Background: Ficus semicordata Buch. is a well-known ethnomedicinal plant that is used to treat various ailments such as colic pain, urogenital difficulties, gastrointestinal disorders, visceral blockage, leprosy, jaundice, diabetes, and hepatitis. This study aims to investigate the phytochemical contents of the metabolites extracted (methanol) from the fruits of Ficus (F.) semicordata, and determine their neuropharmacological, anti-diarrhoeal, and cytotoxic potencies, using in vivo, in vitro, and in silico methods.

Methods: The pharmacological properties of methanol extract of Ficus semicordata fruits (MEFSF) were assessed at different concentrations and its toxicity was determined using the in vitro brine shrimp lethality test. Tail suspension and forced swimming tests were used to investigate the antidepressant activity of MEFSF in mice and elevated plus maze and hole board test models were used to uncover its anxiolytic potentiality. The in vivo anti-diarrhoeal properties of MEFSF were tested on castor oil-induced diarrhoea and gastrointestinal motility models. Gas chromatography-mass spectrometry (GC-MS) analysis was conducted using a mass spectrometer. Based on the GC-MS analysis, 19 phytochemicals were investigated using molecular docking techniques against various target proteins to determine whether they mediate cytotoxic, depressive, anxiolytic, and anti-diarrhoeal effects.

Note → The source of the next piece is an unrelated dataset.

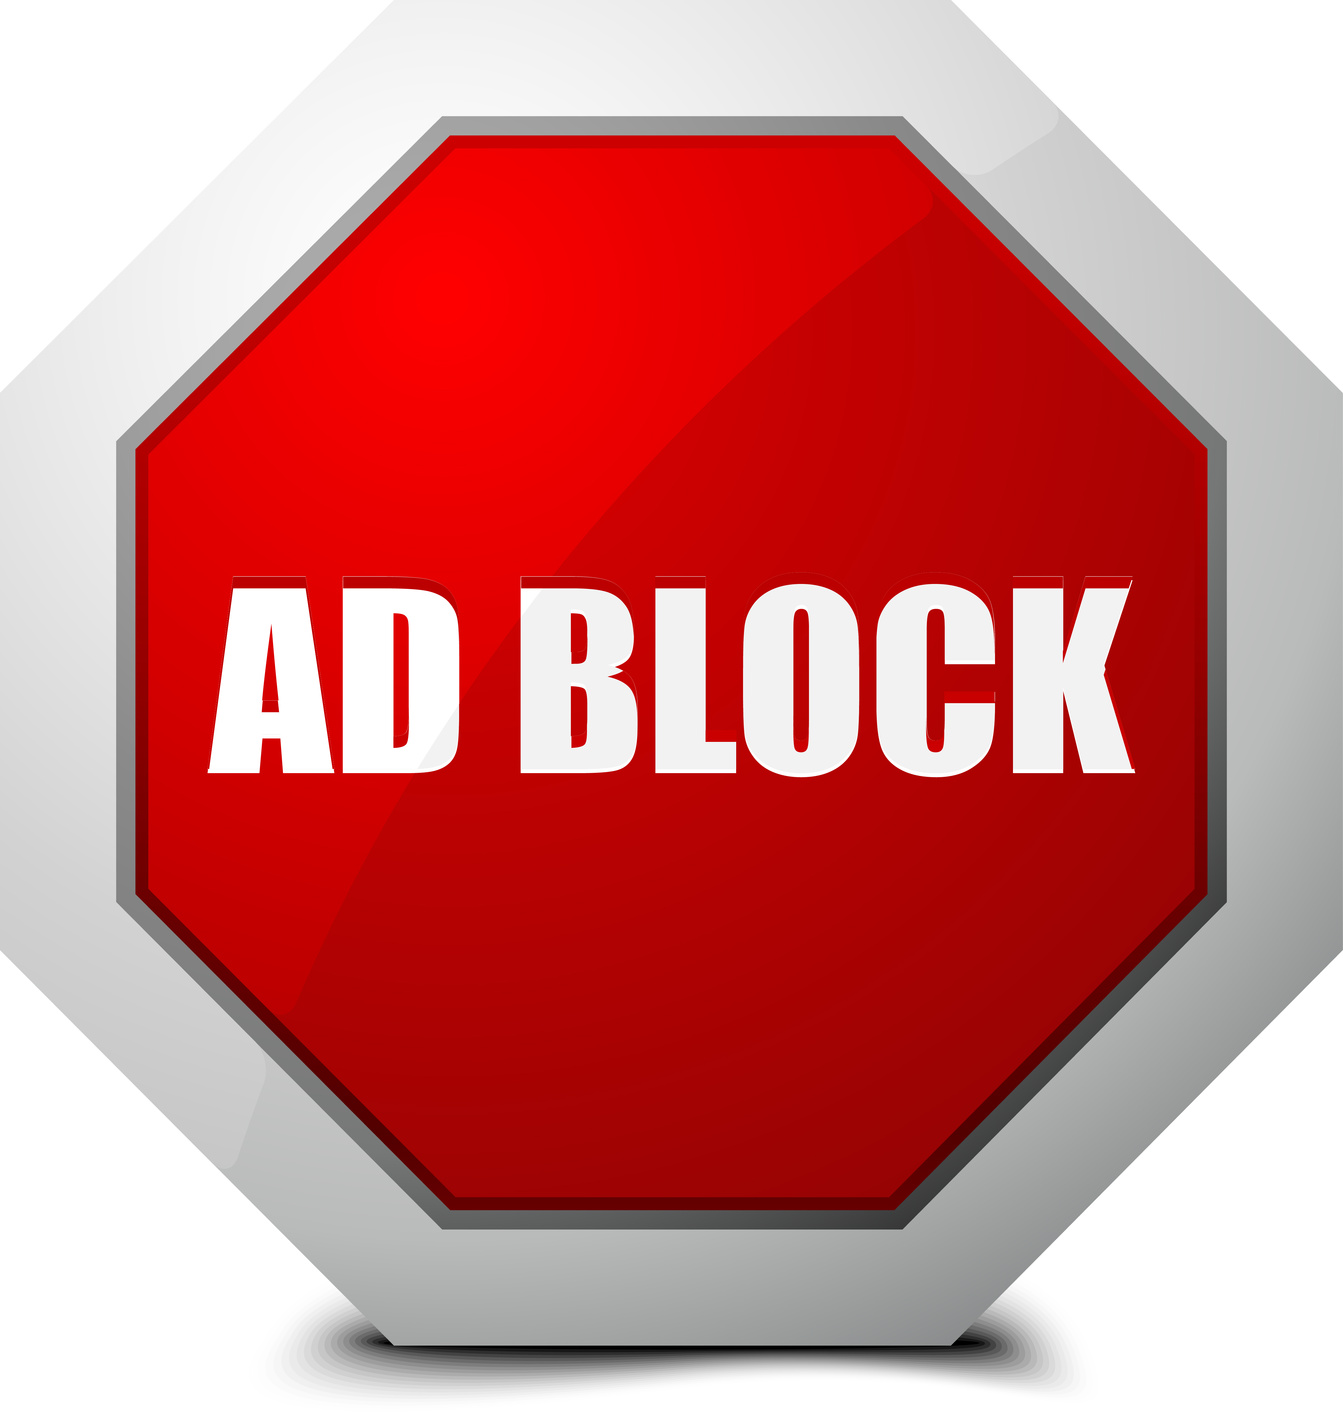 Adblock com. ADBLOCK. Блокировщик рекламы. Логотип ADBLOCK. Значок блокировки рекламы.

Results: MEFSF exhibited moderate toxicity (median lethal dose (LD50): 267.23 μg/mL). In the antidepressant assessment, MEFSF demonstrated a significant (p < 0.0001) dose-dependent decrease in immobility compared to fluoxetine. Similarly, MEFSF exhibited a dose-dependent reduction in anxiolytic-like behaviour in mice, with a 400 mg/kg dose exhibiting vigorous activity. MEFSF also significantly inhibited motility in both anti-diarrhoeal models, with a 400 mg/kg dose exhibiting highly significant (p < 0.0001) suppression. The GC-MS analysis revealed 81 bioactive components. Seven phytochemicals exhibited a strong affinity for various target proteins in the molecular investigation. Notably, beta-D-glucopyranose and 4-O-beta-D-galactopyranosyl manifested a high affinity for hER, K+ channel, SERT3, and M3MAR and exhibited cytotoxic, anxiolytic, antidepressant, and anti-diarrhoeal potential.

Conclusion: The findings indicate that MEFSF can potentially contribute to the development of innovative anti-cancer, neuropharmacological, and anti-diarrhoeal treatments. However, additional research is necessary to explore this possibility.